Uma discussão acalorada começou em um grupo do Facebook, após uma das internautas pedir uma ajuda urgente para uma amiga, senão, como ela mesma disse na publicação, a amiga poderia ficar “perigosa”.

vibrador
Reprodução/Instagram
Bartô se tornou especialista em consertar vibradores


“O vibrador dela quebrou/parou de funcionar. Ela diz que já trocou a pilha e não adiantou. Estou falando sério. Alguém sabe algum lugar que CONSERTE. Ela é apegada...”, comenta a amiga preocupada.

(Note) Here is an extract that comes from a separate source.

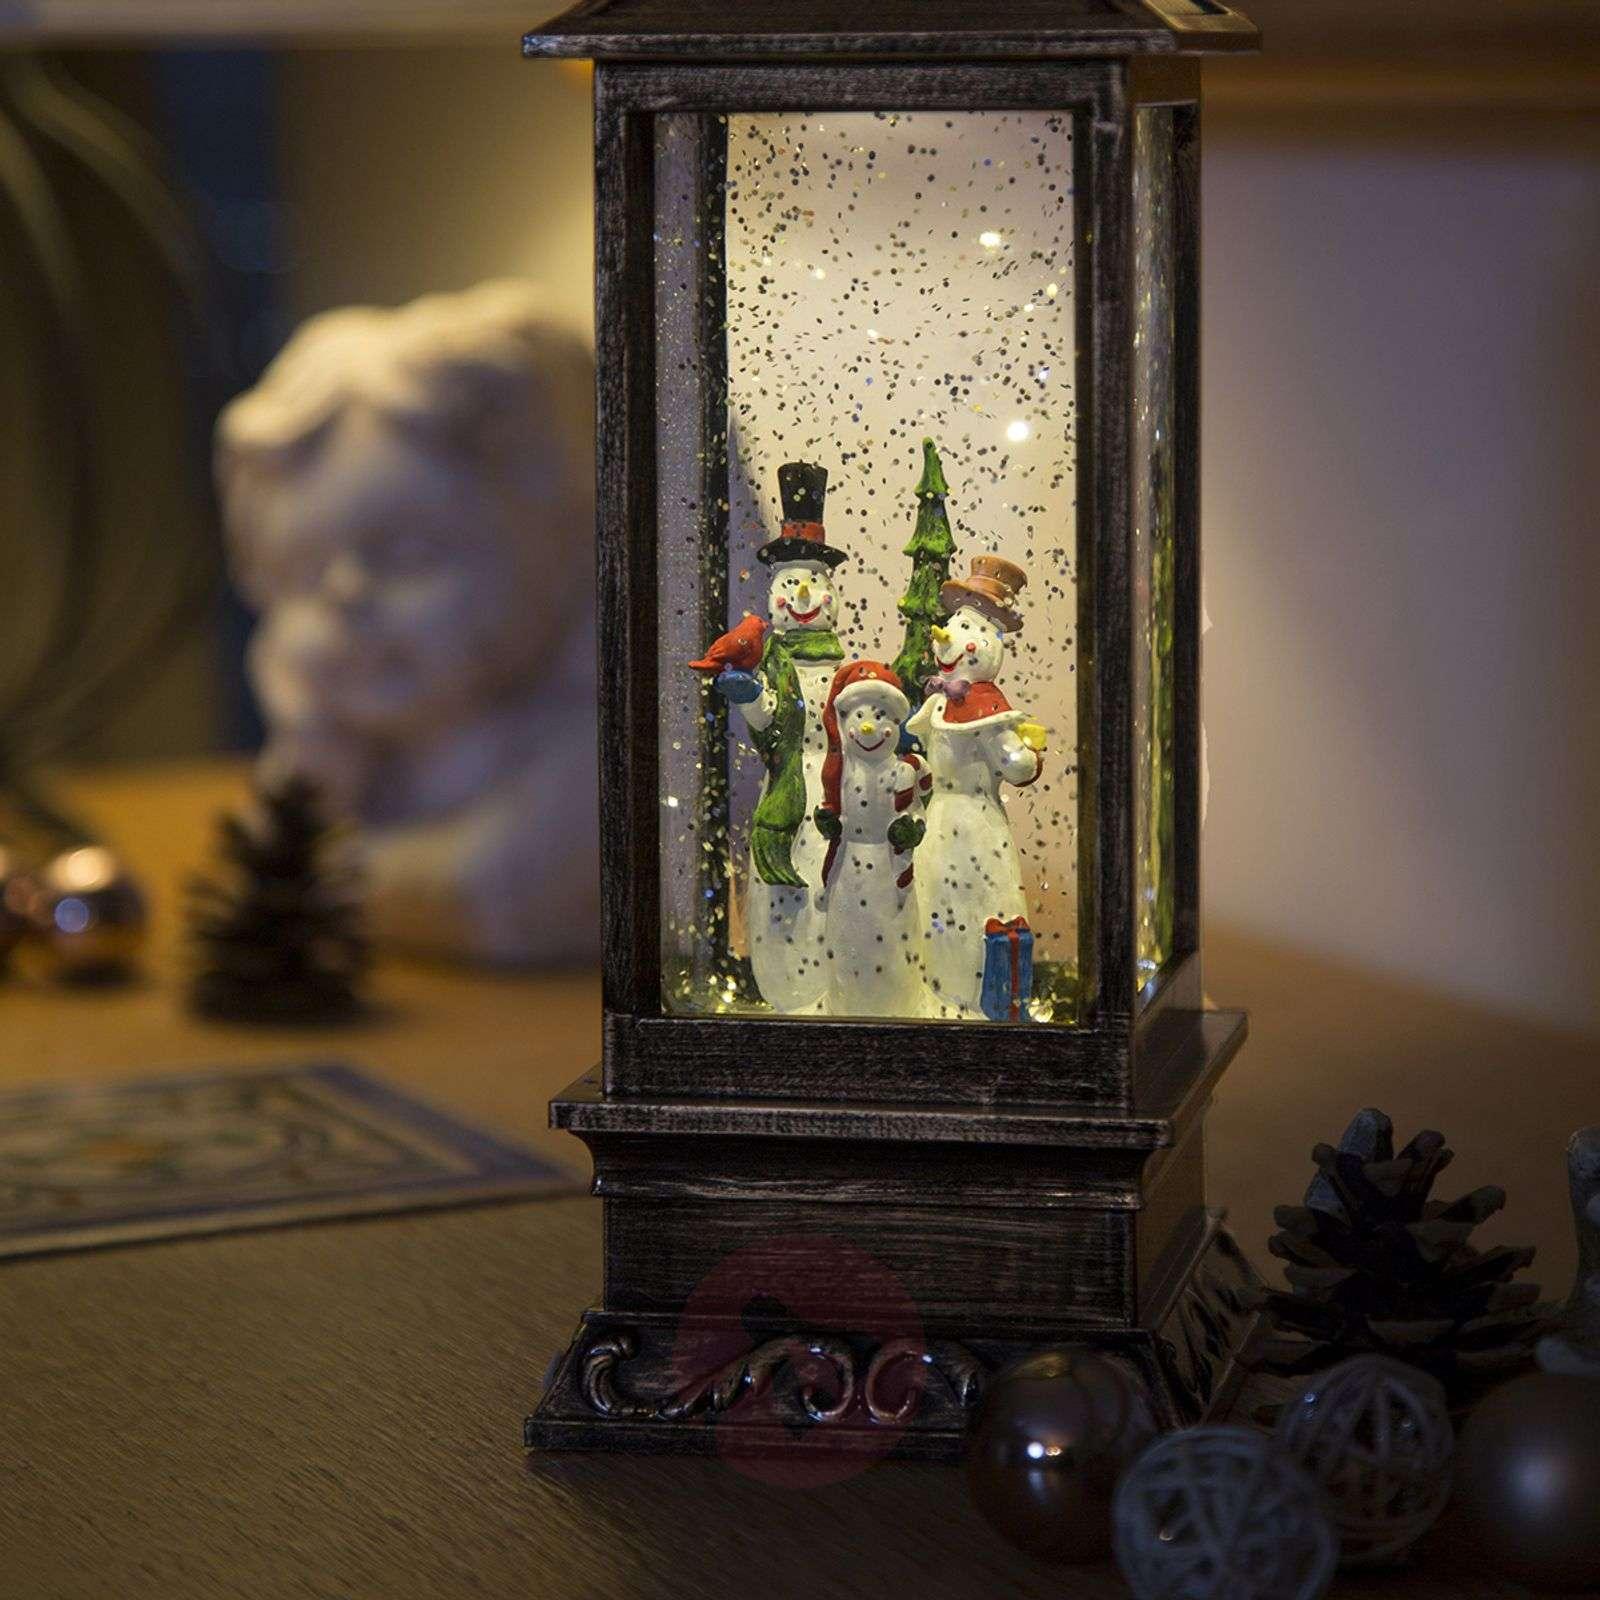 Lumiukkolyhty LED vesitäyttö paristokäyttöinen-5524572-01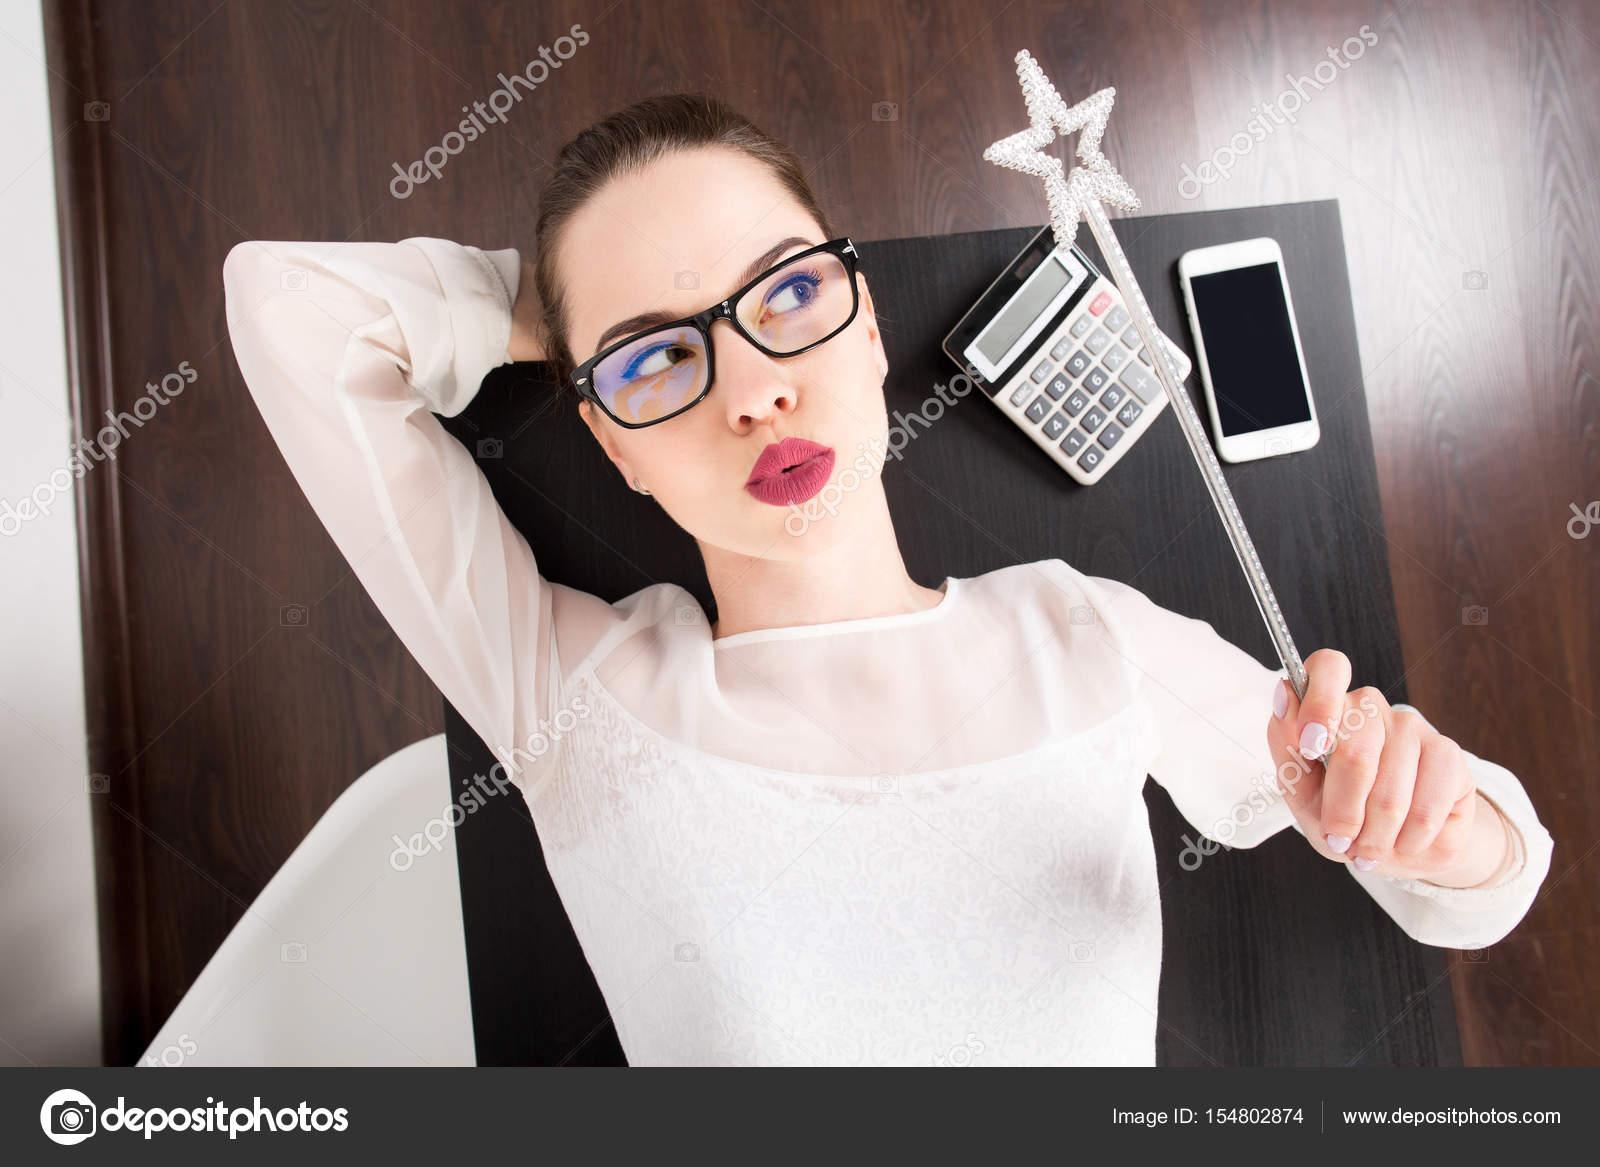 d8191c72010c νέοι επαγγελματίες γυναίκα με κυκλοθυμική έκφραση στο πρόσωπό της ...

Entre os diversos comentários que a publicação teve, dizendo que passaram pela mesma coisa e recomendando comprar outro vibrador já que o antigo “não aguentou o tranco e foi a óbito”, um internauta deu a dica de ouro para Rosana: “Leve seu vibrador para o hospital de vibradores”.


O hospital de vibradores

Bartolomeu Queiroz de Alencar começou seu hospital de bonecas, em 1983, e o local consertava exclusivamente brinquedos infantis. “Eu era exclusivo da Brinquedos Estrela, restaurando bonecas de massas e brinquedos importados”, conta em entrevista ao Delas.

Mas, em 2000, um casal chegou até sua loja, que fica em Osasco, na Grande São Paulo, perguntando se ele consertava qualquer tipo de brinquedo. O dono do hospital falou que sim, pois achava que se tratava de uma boneca ou carrinho.

“Para minha surpresa era um vibrador. Pedi para dar uma olhada e reparei que o mecanismo era igual ao de brinquedo comum”, acrescenta.

Bartolomeu percebeu ali uma oportunidade de expandir o mercado e começou a oferecer seus serviços para sex shops de São Paulo e se, antes ele era especialista em conserto de bonecas e carrinhos, agora ele também era o nome a ser chamado caso o vibrador quebrasse.

“Tive respostas rapidamente pois ninguém no mundo conserta vibradores, sou único”, acredita.

Os maiores problemas dos “meninos”

O comerciante diz que no começo, há 20 anos, os clientes tinham vergonha de levar os “meninos” -- apelido que Bartolomeu deu aos vibradores que conserta -- até o hospital de bonecas. Costumavam marcar uma hora para entregar os sex toys quebrados.

Hoje, ele conta que os clientes são bem mais tranquilos, vão até a loja e ainda cobram que o comerciante cuida bem dos produtos. Ele diz ainda que recebe em média, por semana, 20 produtos eróticos, e o prazo para o conserto é de até 3 dias.

Segundo o especialista, os vibradores costumam quebrar por conta da falta de cuidados com a manutenção. " O problema é a limpeza ", comenta. Outras vezes o problema está na bateria interna do brinquedo, que tem uma vida útil.

“Às vezes, clientes levam o menino para o chuveiro ou banheira. Isso é um veneno para o dildo”, pontua o comerciante.

Bartolomeu já consertou todo os tipos de vibradores imagináveis, com câmera, com bluetooth, até um vibrador que gemia. “Só não entendi o porquê da câmera na ponta, mas ultimamente, o vibrador só falta falar”, brinca.

O comerciante também diz que a maior parte do tempo ainda é para consertar bonecas e outros brinquedos infantis, contudo nesse período de isolamento social, o número de consertos de vibradores triplicou na loja.

“Na quarentena foi muito bom, a mulherada e os meninos estavam soltos, triplicou o número de consertos aqui”, conclui o comerciante.